Waqqas Mir says that the “PTI could target the sitting PM but I’d be curious how they think that’s sound legal strategy since they have to deal with the same court once in power. [Gilani’s] disqualification didn’t enhance the esteem of the Supreme Court either. Pakistan has an unenviable history of judicial overreach where Supreme Court judgments have used their version of necessity for the ‘greater good’ to disqualify elected politicians or remove them from offices.”

However, any disqualification must follow a process, says Moiz Jaferii: “The consequence of contempt of court has precedence in disqualifications of the chief executive, but that is a process that must first be initiated when the government comes out and clearly declares its intent to ignore the order.” Muneeb Farooq agrees and adds that “there is a difference now: when Yusuf Raza Gilani was disqualified, the SC used to work in unison. Justice Iftikhar Chaudhry had a very strong grip on the other judges in his court but our current SC is bitterly divided with so many faultines -- it will be very hard for this lot of SC judges to disqualify a sitting PM for contempt. Technically, yes, it can be started but it won’t be that quick.”
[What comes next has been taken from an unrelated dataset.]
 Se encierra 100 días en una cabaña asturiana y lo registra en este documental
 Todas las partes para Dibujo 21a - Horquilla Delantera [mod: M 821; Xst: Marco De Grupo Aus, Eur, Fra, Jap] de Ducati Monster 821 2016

Another important point added by Muneeb Farooq is that, after the 2014 Mustafa Impex case, the government is not the PM alone; it is the PM and the federal cabinet that is the government -- which is probably why the federal cabinet and not the PM noted its rejection of today’s verdict. So if there is a contempt proceeding, it wont be against the PM but the whole cabinet. And who would want to start proceedings against the 75 or so cabinet members?”

What about the debate regarding the minority-majority decision or whether it was 4:3 or 3:2? Salaar Khan says: “I don’t think it was accurate of the bench to say this decision had ‘nothing’ to do with the previous case. If you look at the petition before the court, it sought enforcement of that specific order. Without clarity on what the majority order was, what is there to enforce? To that extent, [Tuesday’s] short order dismissed all concerns re: that by just labelling the interpretation ‘erroneous’. It’s also important to note that even if the ‘minority’ were the ‘majority’, this wouldn’t help evade the 90-day time limit. If anything, it would revert the position to that following the order of the LHC which did not even make an allowance for the ‘barest minimum deviation’ from 90 days.”

For Muneeb Farooq, the “controversy -- regarding the SC’s order of March 1 about 4:3 or 3:2 -- is still unresolved. The continuing reluctance by CJP not to hold a full court hearing on this is a testament that SC is not only divided by surviving with increasing fault lines.” Abuzar Niazi says that “while the bench formation can be debated, that in my view is irrelevant. Even if 17 judges were to sit, they would have come up with the same verdict: that you are bound by the constitution to hold elections on time”.

Salaar Khan adds that the SC order is “rather cryptic with regard to the position in Khyber Pakhtunkhwa. If the reason for its non-applicability is truly just that the governor KP’s counsel withdrew his power of attorney, then there were certainly other alternatives.”

While Jahanzeb Sukhera adds that the “the decision of this 3-member bench would have most likely been the decision had there been a full court....That being said, the politics of the matter were always plain to see, and its not shocking that the government is saying it will not enforce the judgment....The real question is, will the Supreme Court disqualify the entire federal cabinet, whose collective decision it is to disregard the judgment? Doing so will drastically affect the elections. Is the court willing to have that kind of impact?”